Stephen King’s The Mist

There were monsters on that ship, and truly we were them.
Lisa Simpson

Stephen King’s The Mist is an old style Stephen King story, where nothing is exactly as it seems and the monsters are not just the over grown insects from Planet X. In Carrie, Stephen King’s first novel, we find that a young woman goes mad and kills a lot of her classmates after years of teasing her. But Carrie is not the villain in Carrie, her bible thumping Mother that thinks breasts are a sign of sin is the presence of evil.
And so it is in Stephen King’s The Mist, you think that the bad guys are the monsters outside the Food World waiting to eat anyone foolish enough to step outside, but it isn’t so. The villain is a bible thumping madwoman that thinks human sacrifice is the key to salvation. And also a bunch of bugs from Planet X.
There is a cute scene at the beginning of the Stephen King’s The Mist where our hero is painting covers for books, notably he seems to be working on a cover for Stephen King’s The Dark Tower: The Gun Slinger. The other cover paintings sitting around his studio also seem to have rather dark subject matters. I am not as big a fan of Stephen King as I could be, so I did not recognize any other images as coming King’s works.
I liked this movie, but there were only a couple of fun house type scares for me-random noises that made everyone in the theater jump a bit. There was a lot of thinking and pondering involved in this film. What would you do you were trapped with a madwoman and she was slowly making everyone else mad as well? How would you fight off monsters of unknown origin and purpose? What would you do to save your loved ones from being eating alive?
The twist at the end was fun, but not totally unexpected, any veteran of horror movies could see it coming once it was set up. But it was still fun, as there were a couple of other possibilities that would have also been shocking. As far as Stephen King movies go, this was not a bad one.
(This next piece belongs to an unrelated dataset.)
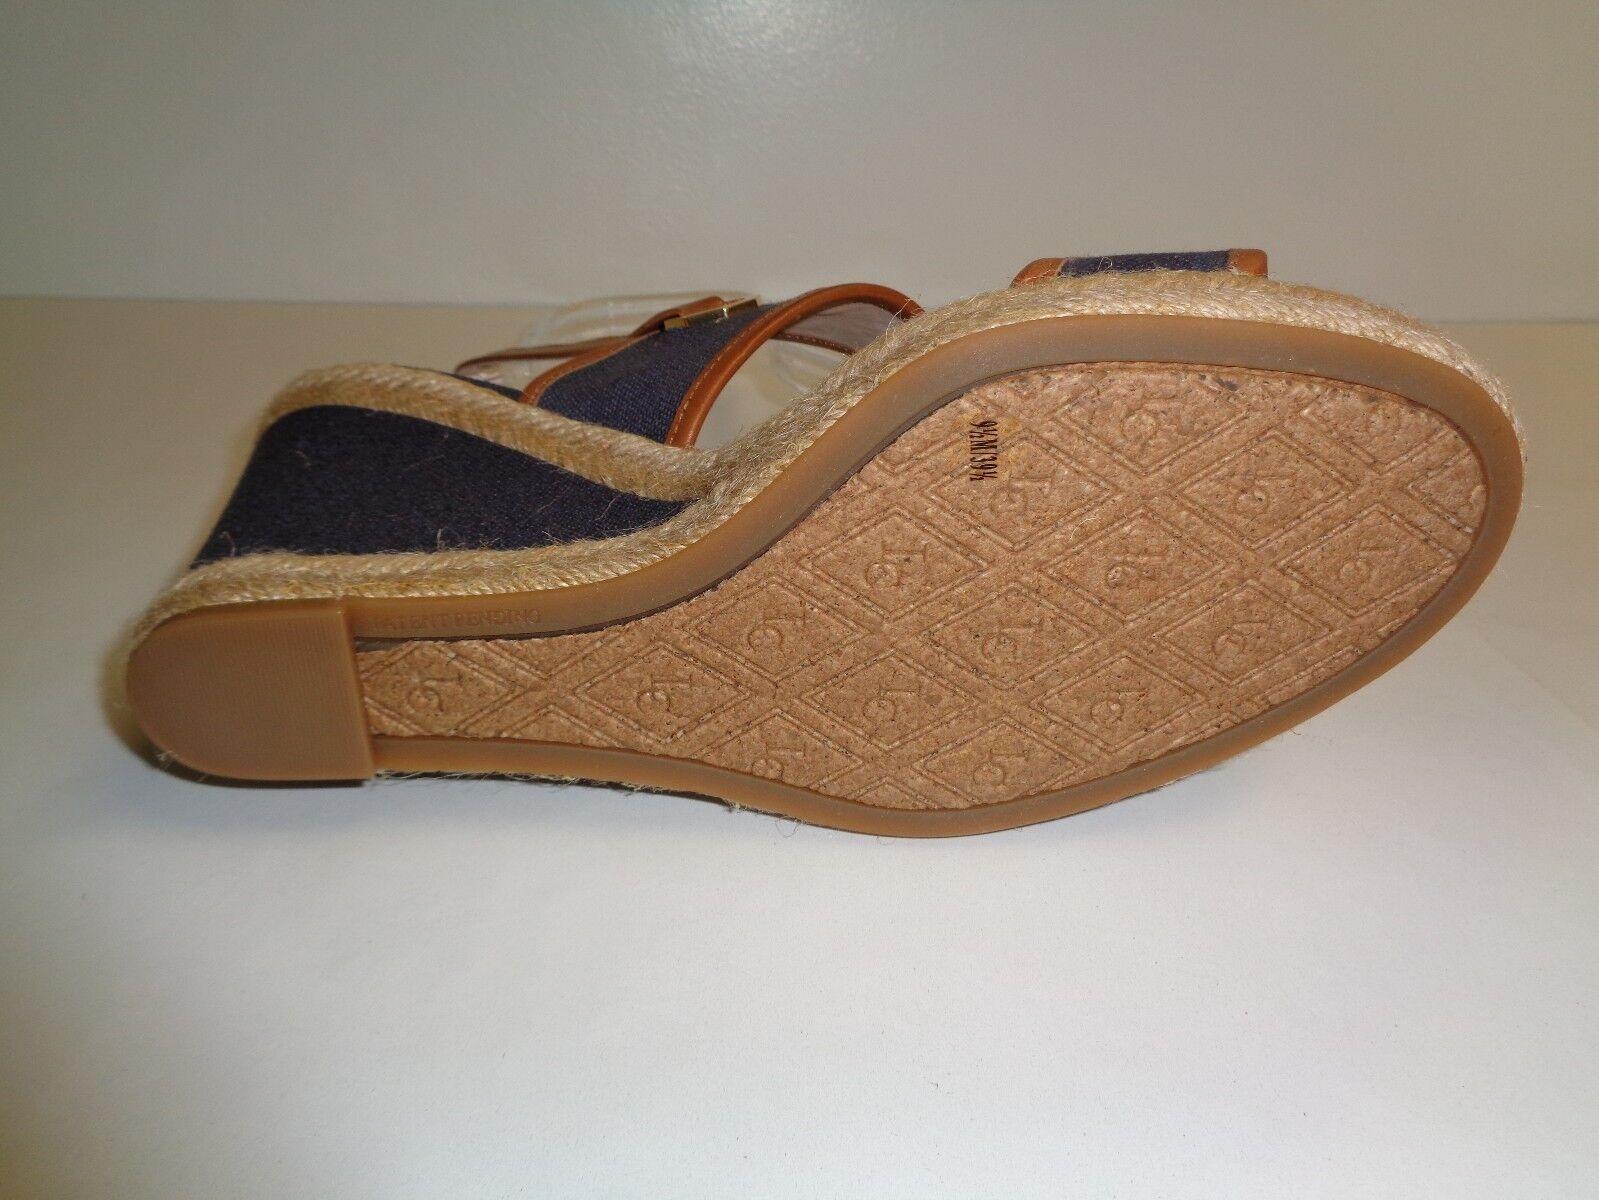 b696c60c59c4 ... Louise et Cie Taille 9.5 9.5 9.5 M REBEKAH Navy Leather Fabric Sandals  New femmes chaussures ...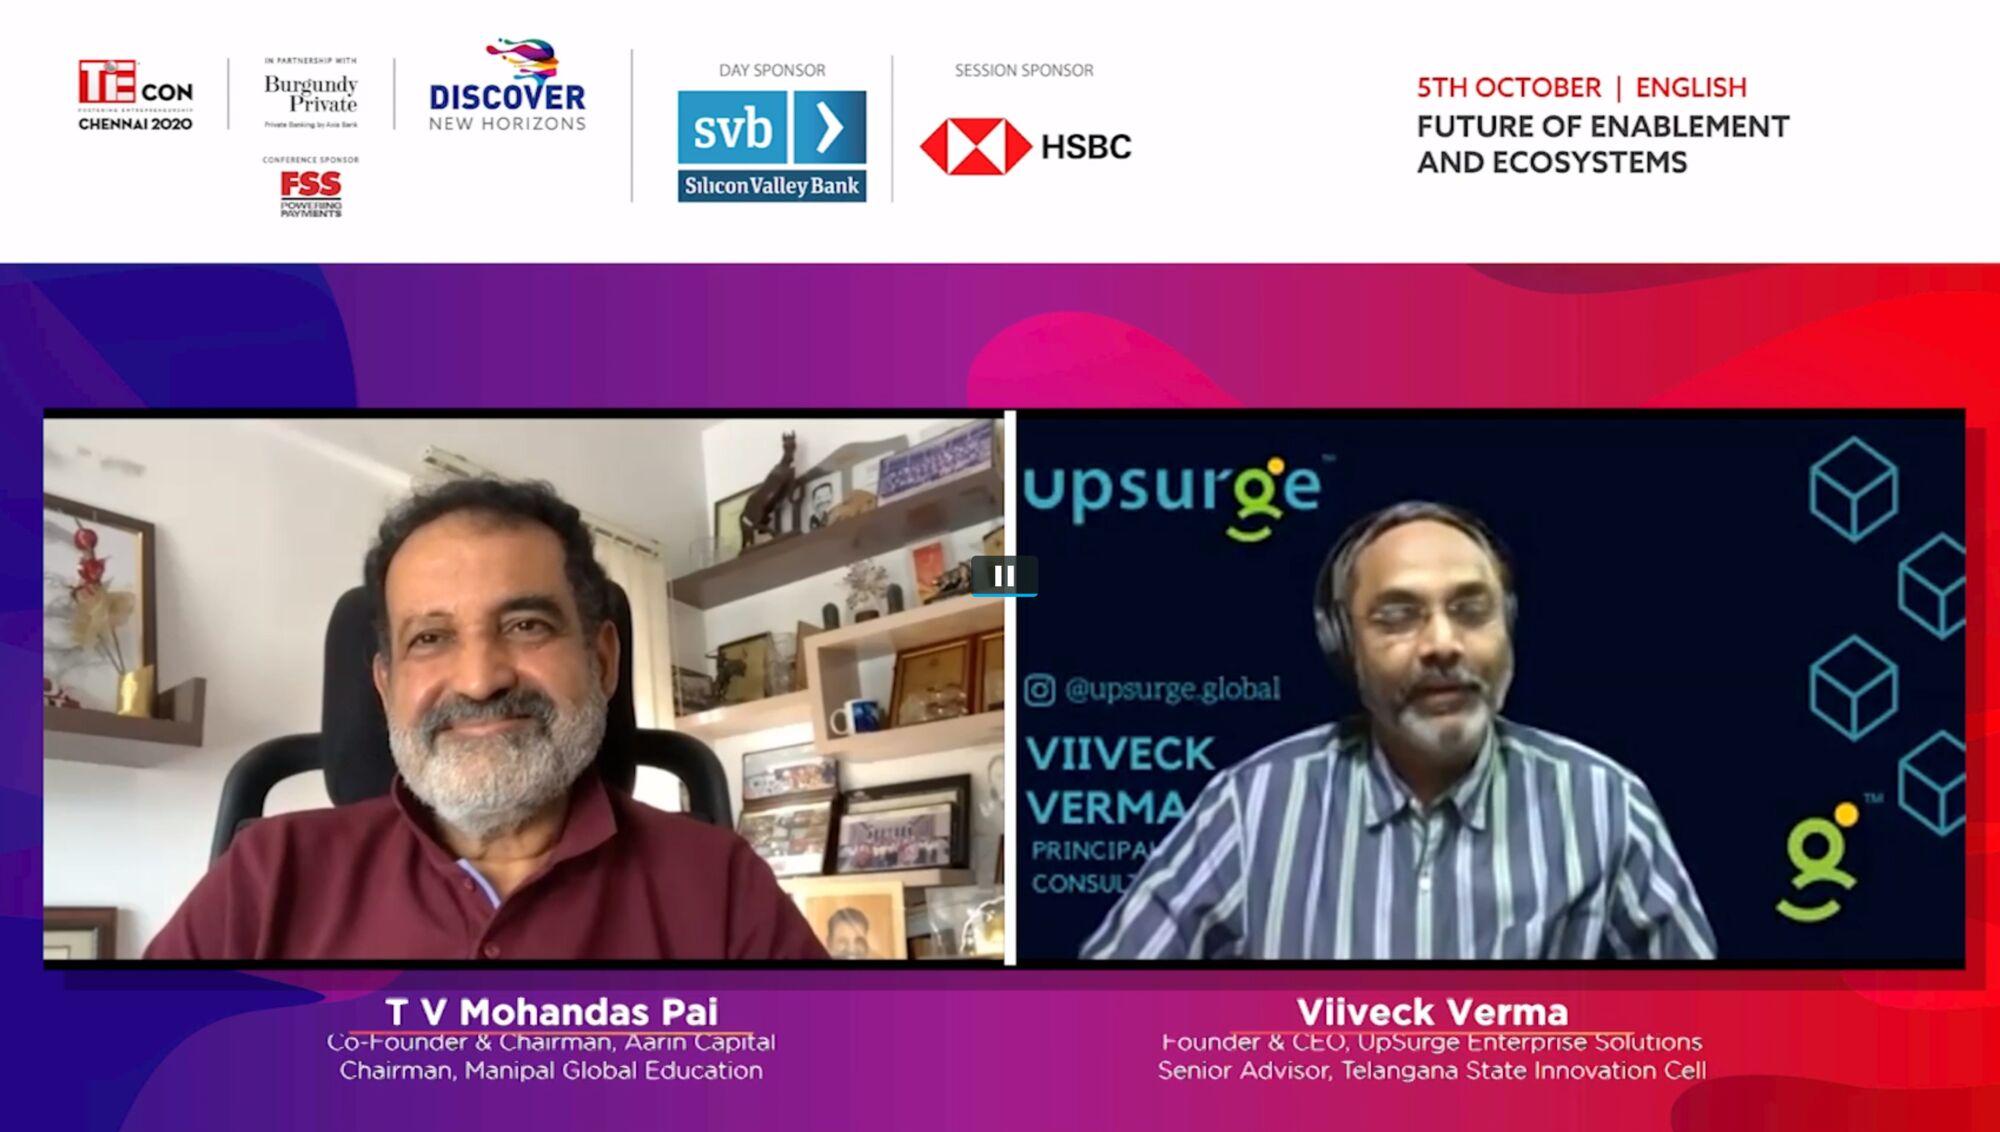 T V Mohandas Pai and Viiveck Verma

It has been a while since there were any Stephen King’s type movies made, as such horrible efforts such as Stephen King’s Children of The Corn 27 kind of gave Stephen King’s name a bad name. As far as movies bearing his name went anyway. The recent 1408 was based on a Stephen King short story, for example, and this was not used to hype the movie.
I heard in an interview that this was a cheap movie to make. It looked pretty damned good to me. Of course, I’m sure that was cheap by Hollywood standards.
It’s a good little horror film and there were cheers in the theater when one of the bad guys was finally taken out. Still, it is the usual misdirection and smoke and mirror on the story. But then, it is a movie about a mist possibly created by a government gone wrong and the things from another world that don’t belong in ours. Don’t try to apply too much logic.
The real story was how our heroes handled this situation- let’s just say, not too well.